Inverted-Y ureteral duplication is more common in females, and the insertion of the ectopic ureter into the reproductive tract has been reported in some cases. In our case, inverted-Y ureteral duplication was not considered preoperatively, because the hypoplastic and almost non-functioning kidney may have resulted in the misdiagnosis of inverted-Y duplication of the ureter in imaging studies. However, cystourethroscopy and retrograde pyeloureterography should be routinely performed before nephrectomy to reveal the duplicated system and possible bilateral ureteral ectopia in addition to rare case of inverted-Y ureteral duplication. Unfortunately, these examinations were not conducted in the previous hospital in our case.

In our case, the vesicoureteral reflux may induce urinary incontinence as part of the yo-yo phenomenon previously reported. In patients with persistent urinary incontinence even after nephrectomy, we need to consider inverted-Y duplication of the ureter even though it is rare.

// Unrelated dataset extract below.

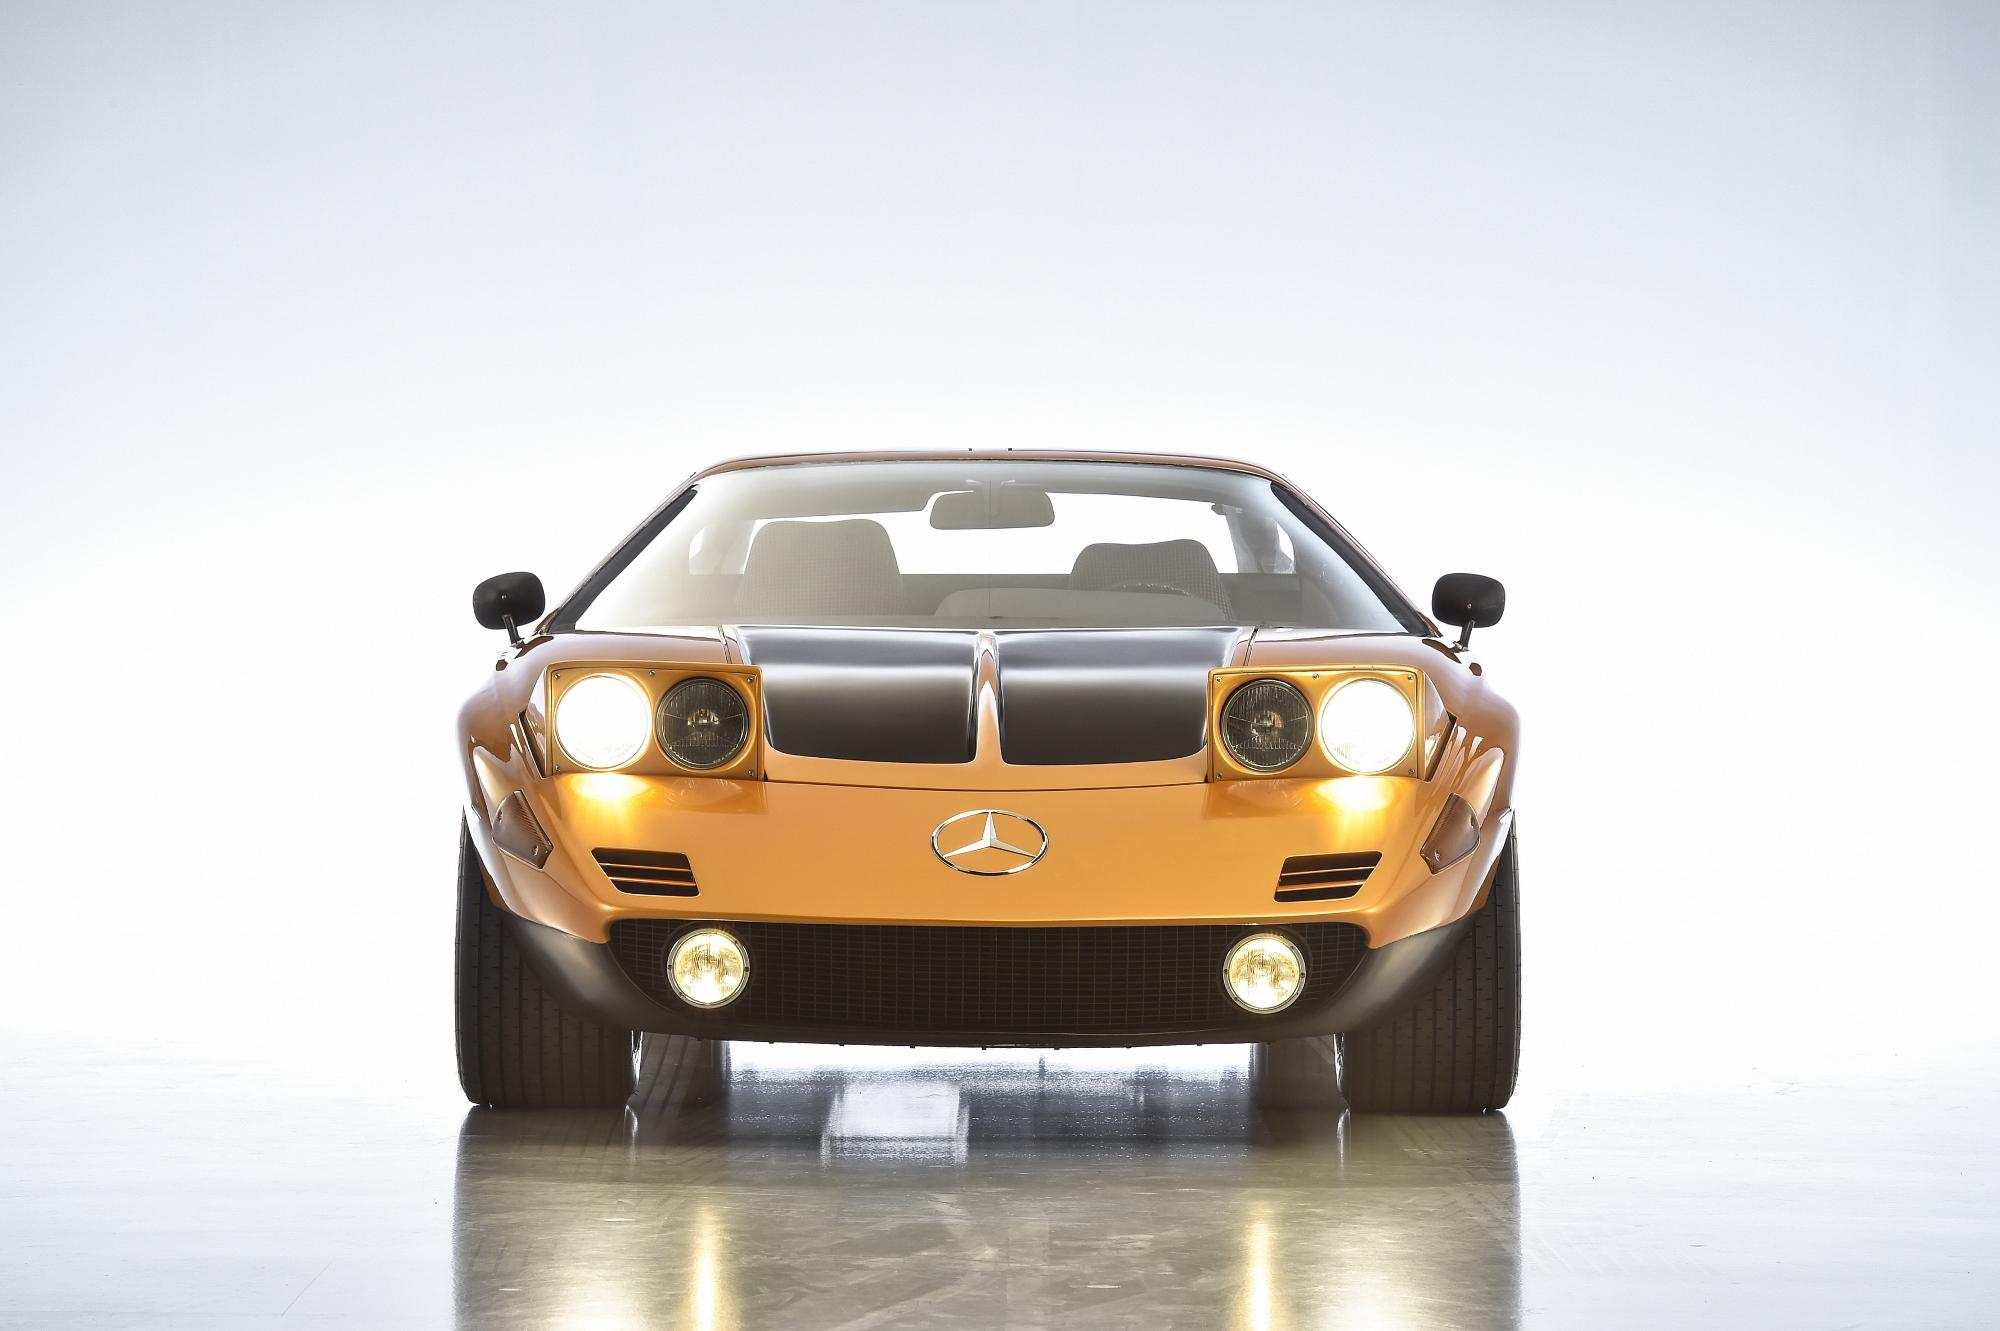 Mercedes C 111-II: premiéra pred 50 rokmi na ženevskom autosalóne 1970 YwnTW1O5lQ mercedes-c111-ii-9

As limitations of our case, first the communication between the vagina and the bladder was not unfortunately visualized clearly even in retrograde ureterography with catheter. This is due to that the branch might be occluded with catheter or overlapping with the each route from the bladder and vagina to the branch might be overlapped in two-dimensional examination. Second, urodynamics to exclude stress or urge urinary incontinence were not performed. Based on clinical signs such as intermittent urinary incontinence without an increase in abdominal pressure and the absence of urgency, we considered urinary incontinence to occur with the vesicoureteral reflux via inverted-Y duplication of the ureter. Further studies including videourodynamics are needed in order to reveal the etiology of urinary incontinence in our case.

Conclusion

We encountered a case of inverted-Y ureteral duplication with the ureter into the bladder and ectopic ureteral insertion into the vagina. To the best of our knowledge, this is the first case report of persistent urinary incontinence after nephrectomy. It is important to consider the possibility of inverted-Y ureteral duplication in patients with urinary incontinence even after nephrectomy of a hypoplastic kidney with ectopic ureteral insertion into the vagina.

Conflict of interest

All authors declare that there are no competing financial interests in relation to this work.